Vladimir Putin is no Gorbachev. Frankly, he is much much better. Gorbachev was a dreamy man who destroyed the Soviet Union. Putin is a coldly rational man who wants to restore glory to Russia. And we live in a world in which Russia is neither a friend nor an enemy but an alli-versary. Russia is an adversary of America in Europe, especially in the Baltic and Caucasus.

But Russia can also be an ally of sorts because she shares many common interests with America, great interests of global significance. The most immediate common interest is the Iran-Afghanistan sphere. A nuclear Iran is far more threatening to Russia than it is to America. And Russia is equally worried about Taliban extremists coming back to power in Afghanistan. And America and Russia have a common interest in destroying Al Qaeda.

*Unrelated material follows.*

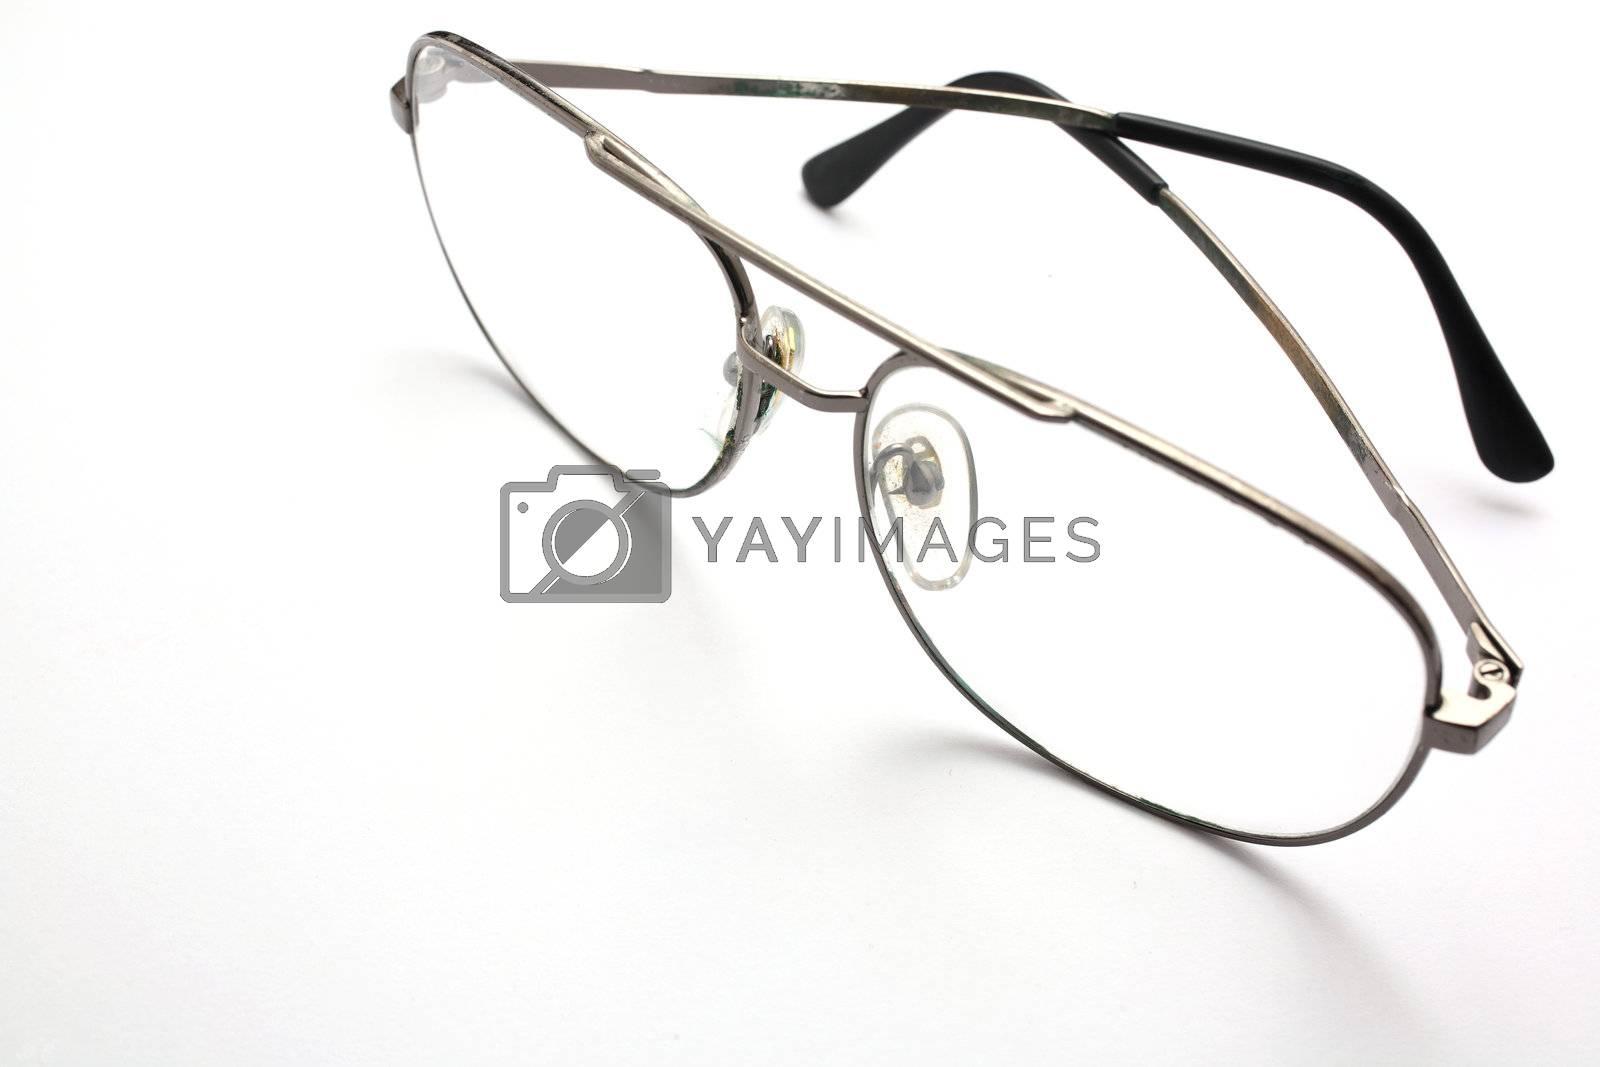 Eyeglasses  by leungchopan

America can help Russia & Japan work out a compromise and help them achieve a win-win deal on energy. Such a deal will give Russia a new rich customer and help Japan reduce its crippling dependence on  Middle east oil. A Japanese-Russian deal will also act as a check again China’s expansion in Asia.
 
President Reagan was both brilliant and lucky. His grounded smarts enabled him to stay out of the Iran-Iraq war and his vision enabled him to build a relationship with Gorbachev, with a regime he himself had termed an “evil empire”.

President Obama has not been brilliant but he has been lucky. As we write this article, America and Russia have reached a deal on Syria. If this deal works, then President Obama will have escaped the deadly charms of the Syrian siren. That is a great relief indeed.

There is still time for President Obama to emulate President Reagan. And it is quite simple. Avoid the Middle East. Work with Putin on Afghanistan and Iran. Focus on Asia as the main pivot of the Obama Administration. That could be his visionary legacy.

Lady luck is not a siren. She is a lovely fairy who visits a few. President Reagan embraced her when she visited him. President Obama should do the same.